Predictive
analytics
largely earns its keep by making it possible to efficiently
manage uncertainty. Sometimes that uncertainty manifests as risk; sometimes it
emerges as inefficiency and lost opportunity. It depends on the problem being
addressed.

While other analytics address other areas of concern –
establishing cause and effect in the marketplace, identifying obscure
influences on industry trends, and so on – predictive analytics have the unique
burden of informing tomorrow’s decisions.

Shrinking the landscape

A typical predictive analytics problem/solution, commonly
cited as an example, is the behavior of homeowners, per their mortgages. It’s
useful for a mortgage company to analyze payment histories and determine the
various markers in homeowner payment that indicate a homeowner in trouble, a
homeowner about to default, a homeowner likely to make an early payoff. Being
able to plan for those events months ahead of time is a huge financial
advantage for the mortgage company, on several fronts.

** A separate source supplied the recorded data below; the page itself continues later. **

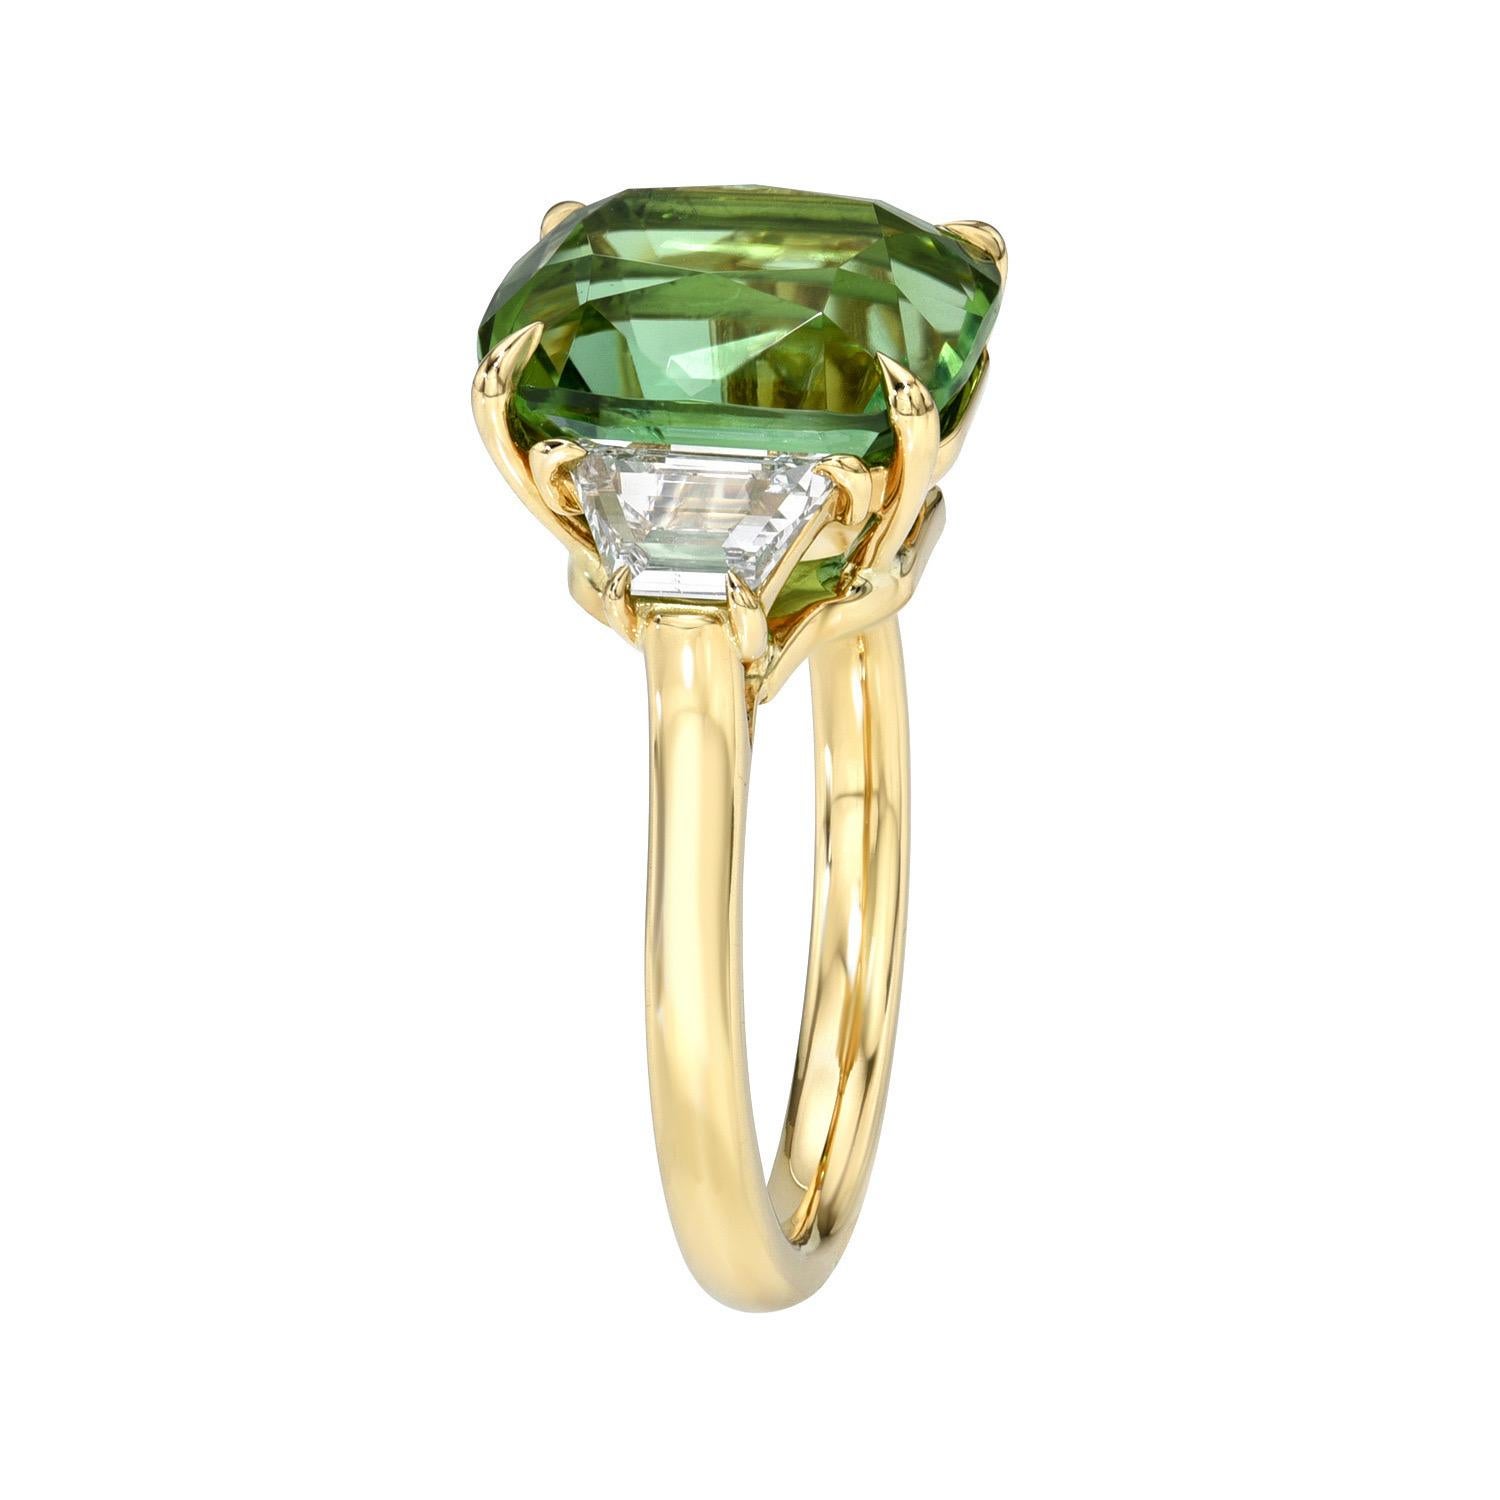 Merveilleuse bague ovale en or jaune 18K à trois pierres en tourmaline vert pomme de 6,04 carats, ornée d'une paire de diamants trapézoïdaux de 0,75 carats, couleur E/VS2-SI1, pureté.
Taille 6. Le redimensionnement est gratuit sur demande.
Les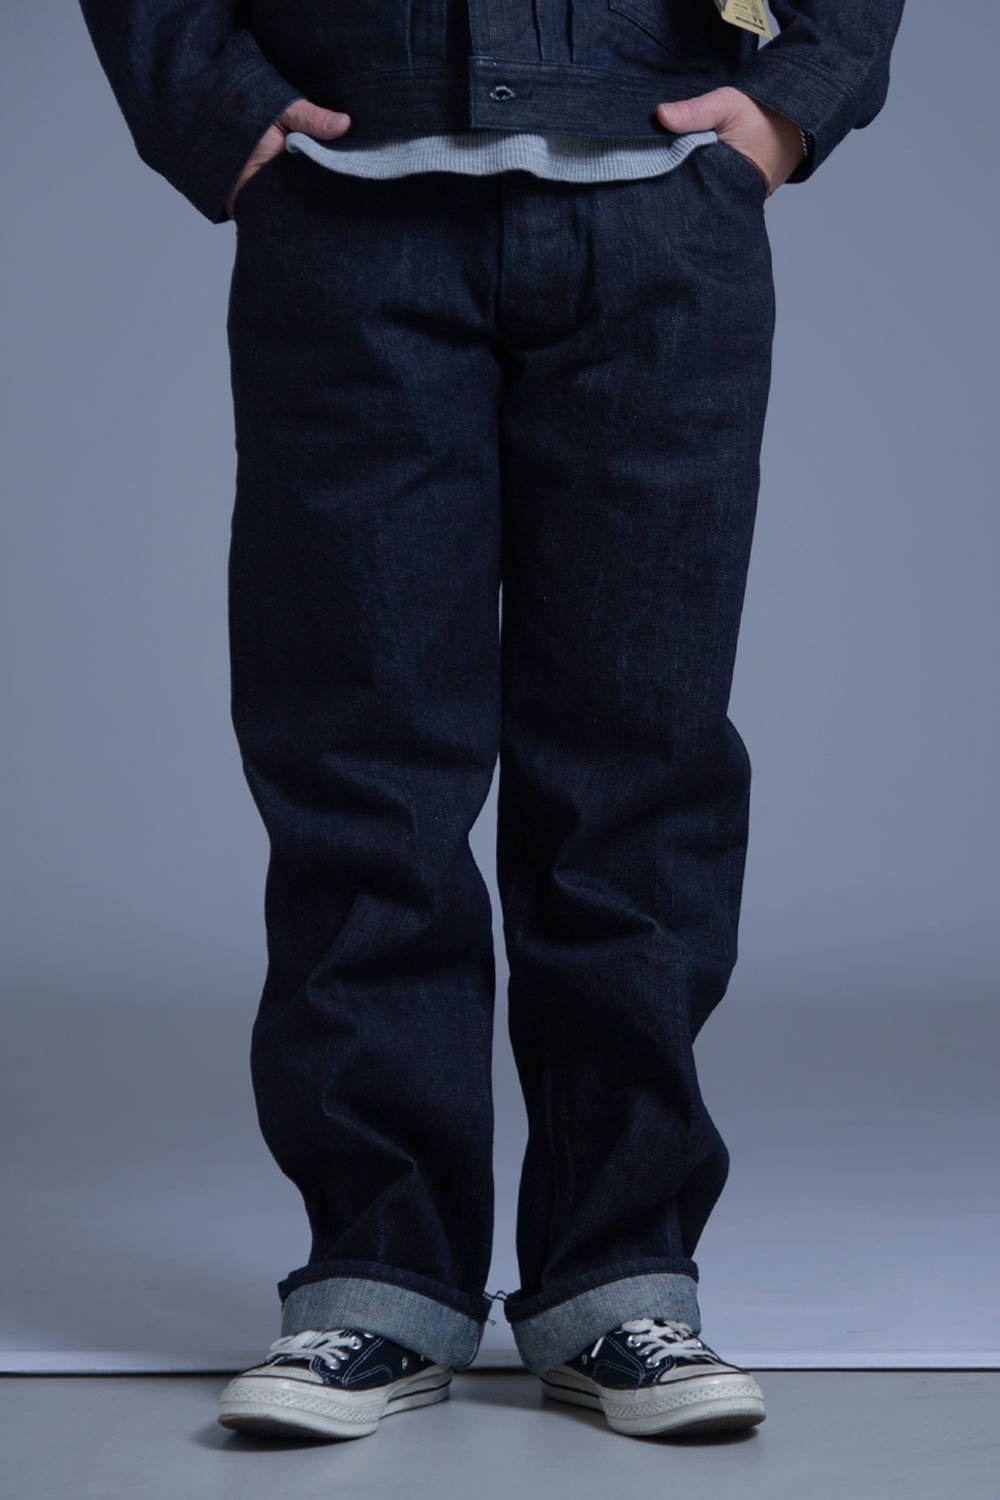 TROPHY CLOTHING(トロフィークロージング) デニムパンツ 1705 Standard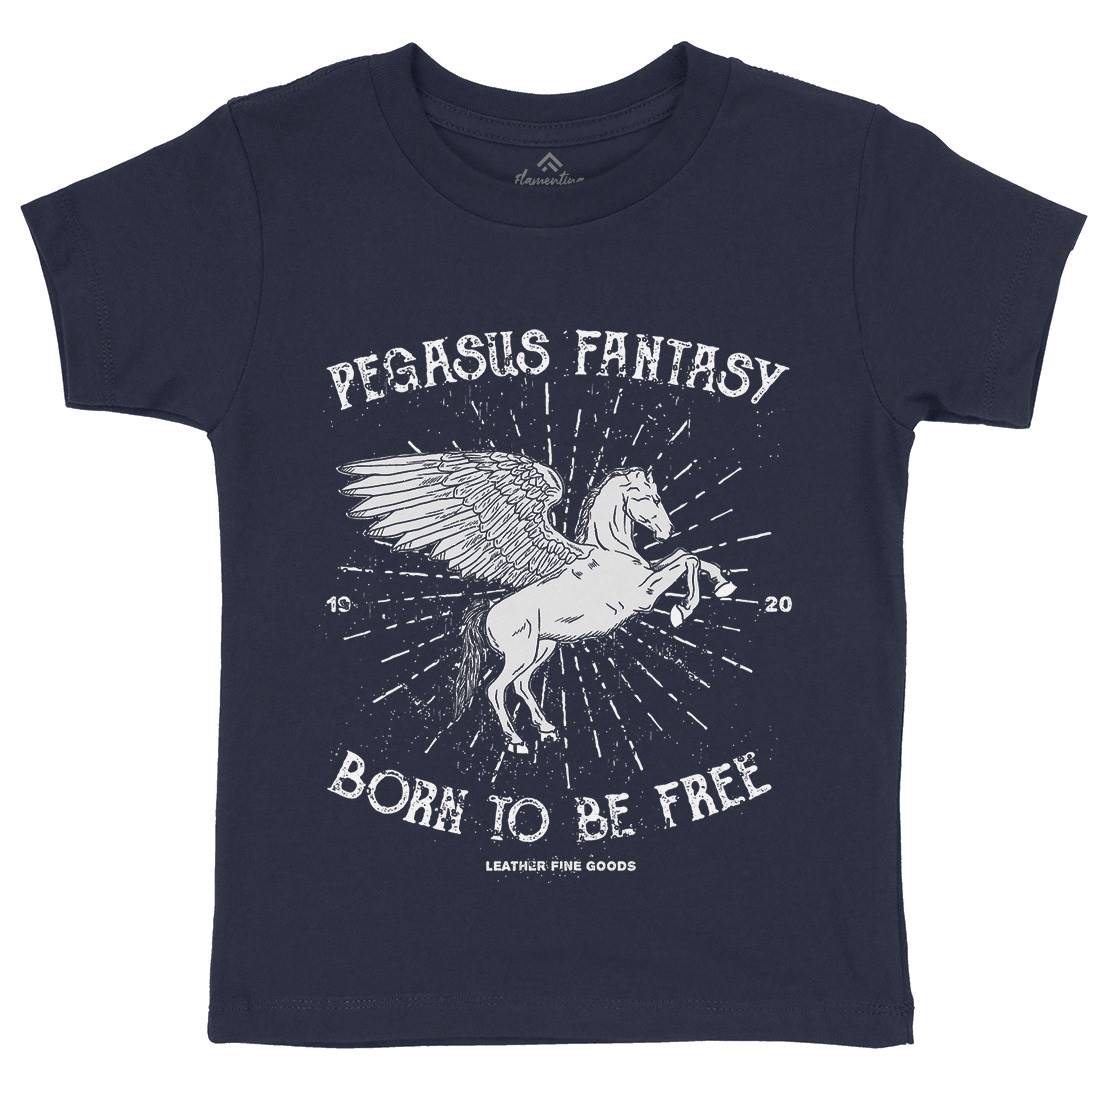 Pegasus Fantasy Kids Organic Crew Neck T-Shirt Animals B749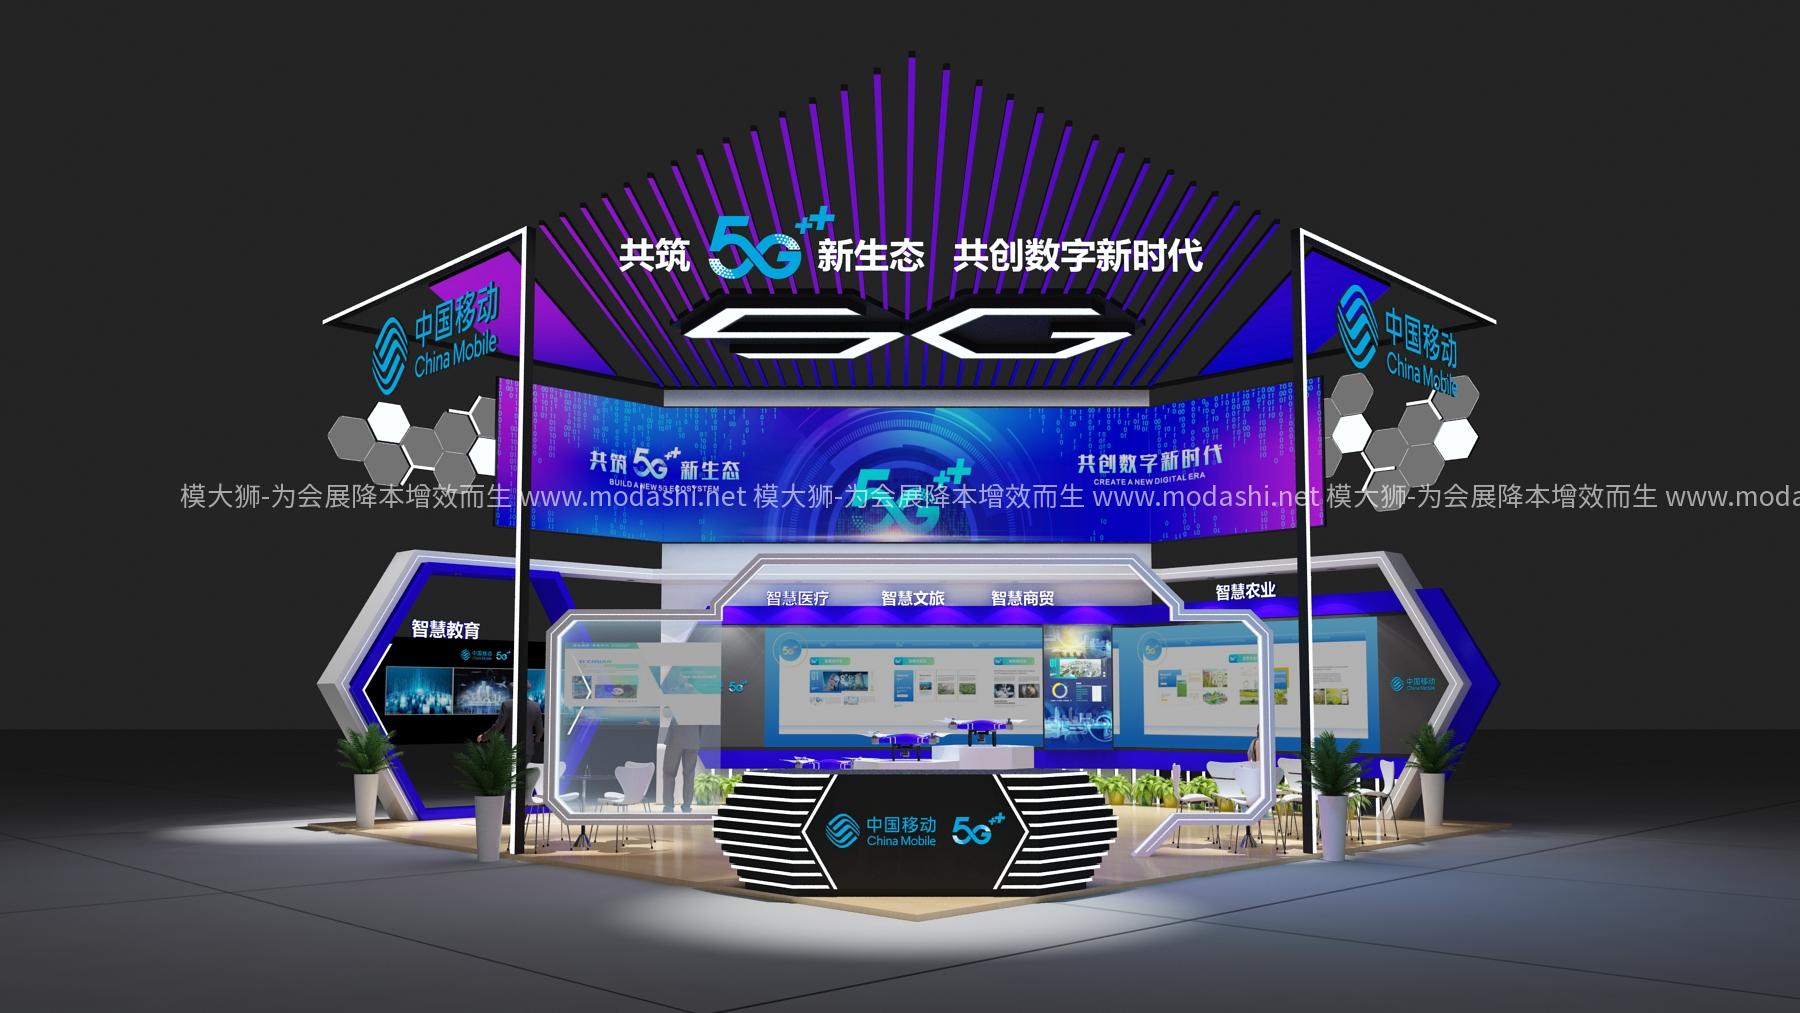 中国移动展示展台3D模型

When those predictive numbers are delivered, they
reconfigure the near future as a concise new landscape, with small vistas of
constrained, well-articulated probabilities. Knowing how many mortgages are
likely to go away via early payoff is good for bottom-line planning; knowing
how many mortgages will need to be refinanced so that they don’t vanish is good
for resource allocation.

The overall point: each of these areas of the future
landscape is uncertain, and uncertainty is expensive, and the management of
that uncertainty makes good economic sense.


Make
the successful transition to actionable predictions


Through the window, into the mirror

It’s often possible to take this general concept a step
further. What about the uncertainty to be found in the results themselves,
beyond the uncertainties they address?

Even if you’ve spent a great deal of time working with
business intelligence, let alone analytics, it’s hard to keep in mind that the
results of any predictive process are tentative, and exist as
probabilities. Only hard-core scientists really have this in mind at all times,
and even they can slip. That means that the results we act on, when using
predictive analytics as decision support, are probabilities at best.

How does that affect the way we use them? Consider the
mortgage problems above: slow payment, impending default, early payoff. Each of
these problems has a substantial administrative cost, potential revenue losses,
and opportunity consequence. If I’m the one delivering the analytics, I want to
be able to not only report the most accurate projections of what will happen
next quarter, I want to be able to recommend where effort is most
effectively applied
.

In other words, I can do the same analysis on my
quarter-to-quarter results in each of these predictions and be able to add a
meta-recommendation: our default recommendations are more accurate than our
payoff guesses; more time and money should go into foreclosure relief next
quarter than acquiring new business!

Bottom line

The principle is clear: predictive analytics gives us a
handle on the near future, and helps us strategically deploy our time and
resources most effectively to do the best possible job in the months ahead. But
those are probabilistic results, and carry uncertainty of their own. By
measuring their reliability against each other, we can make our near-future
time and resource allocations that much more fine-tuned, and increase our
efficiency all the more.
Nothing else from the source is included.